Its not out there YET thats why  Ahh an avid Googler! My dad used make fun of me for Googling so much now he asks me to Google such and such!



Lilly's mom said:


> *AWESOME! Where did you get it (if you don't mind sharing).*


I actually made it, well my dad constructed it but it was my idea! This is my dream come true..Since, I was 13 years old I've been dreaming about making it and now its finally reality after 12 years of dreaming about it (It = designing dog beds). My inspiration came through my dad's company as they have dealt with the theming industry and creating faux environments. Heres a link that will give you a better idea than me explaining it:
http://www.replicationsunlimited.com/

This is my baby! The first prototype finished. We will probably start manufacturing them late winter/early spring. I have two Egyptian dog beds in the works and I am starting to compile more ideas to start producing. I'm so excited! I'm hoping to bounce ideas of you fellow obsessed dog people :whoo:



Laurief said:


> How cute - can you show up a picture of the inside??
> She isnt a Diva - she is a Princess with her own castle!!


Spoiled Princess, I say! (She MUST have freshly clean water or she won't drink it or sometimes it has to have ice cubes before she EVEN considers looking at it!)I don't have any aerials but I'll take some soon. But the attached picture will get ya a lil bit better view without the blanket.


----------



## Scooter's Family (May 23, 2008)

I LOVE THAT!!! Such a cutie in her castle. Where did you find it?? Was it custom made?


----------



## Scooter's Family (May 23, 2008)

You are so talented!!! IT'S GORGEOUS!!!


----------



## rdanielle (Sep 2, 2008)

This is what it looks like without any dogs in it! Thinking about having a bed & blanket set made to go with it. All our dogs seem to like to nesting in the blanket I had in there.


----------



## deejay (Aug 19, 2008)

I love it! My husband and I were raised in families who thought an old blanket was enough for a dog.


----------



## rdanielle (Sep 2, 2008)

deejay said:


> I love it!

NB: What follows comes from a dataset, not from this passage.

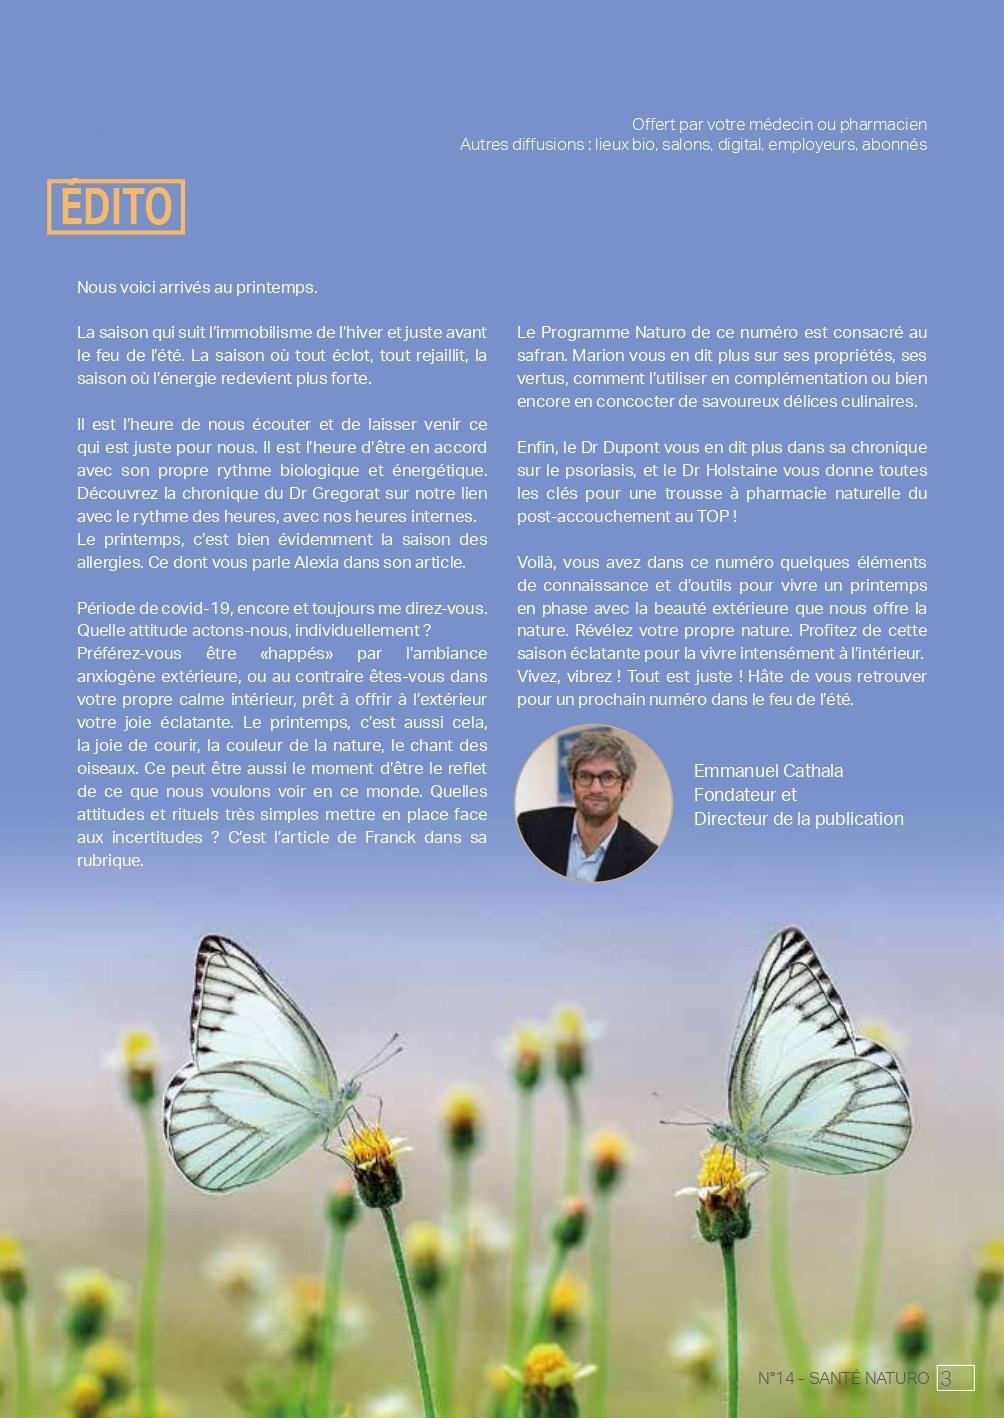 sante-naturo-14-naturopathie-sante-naturelle-integrative-holistique-et-medecines-douces-edito

My husband and I were raised in families who thought an old blanket was enough for a dog.


Yeah its amazing how the dog/pet industry has come along in the past 12-13 years (about when we got our first Havs).


----------



## RikiDaisyDixie (Apr 15, 2008)

*great adorable idea!*

I think you will do well! Are you making a Cuban Castle too?


----------



## rdanielle (Sep 2, 2008)

Thanks! Actually, I was thinking of a Pirate ship with a Havanese flag. (Debating whether or not I'll incorporate skulls into the flag.) I think its fitting to Havanese History


----------



## Scooter's Family (May 23, 2008)

rdanielle said:


> Yeah its amazing how the dog/pet industry has come along in the past 12-13 years (about when we got our first Havs).


Lucky for all of us!


----------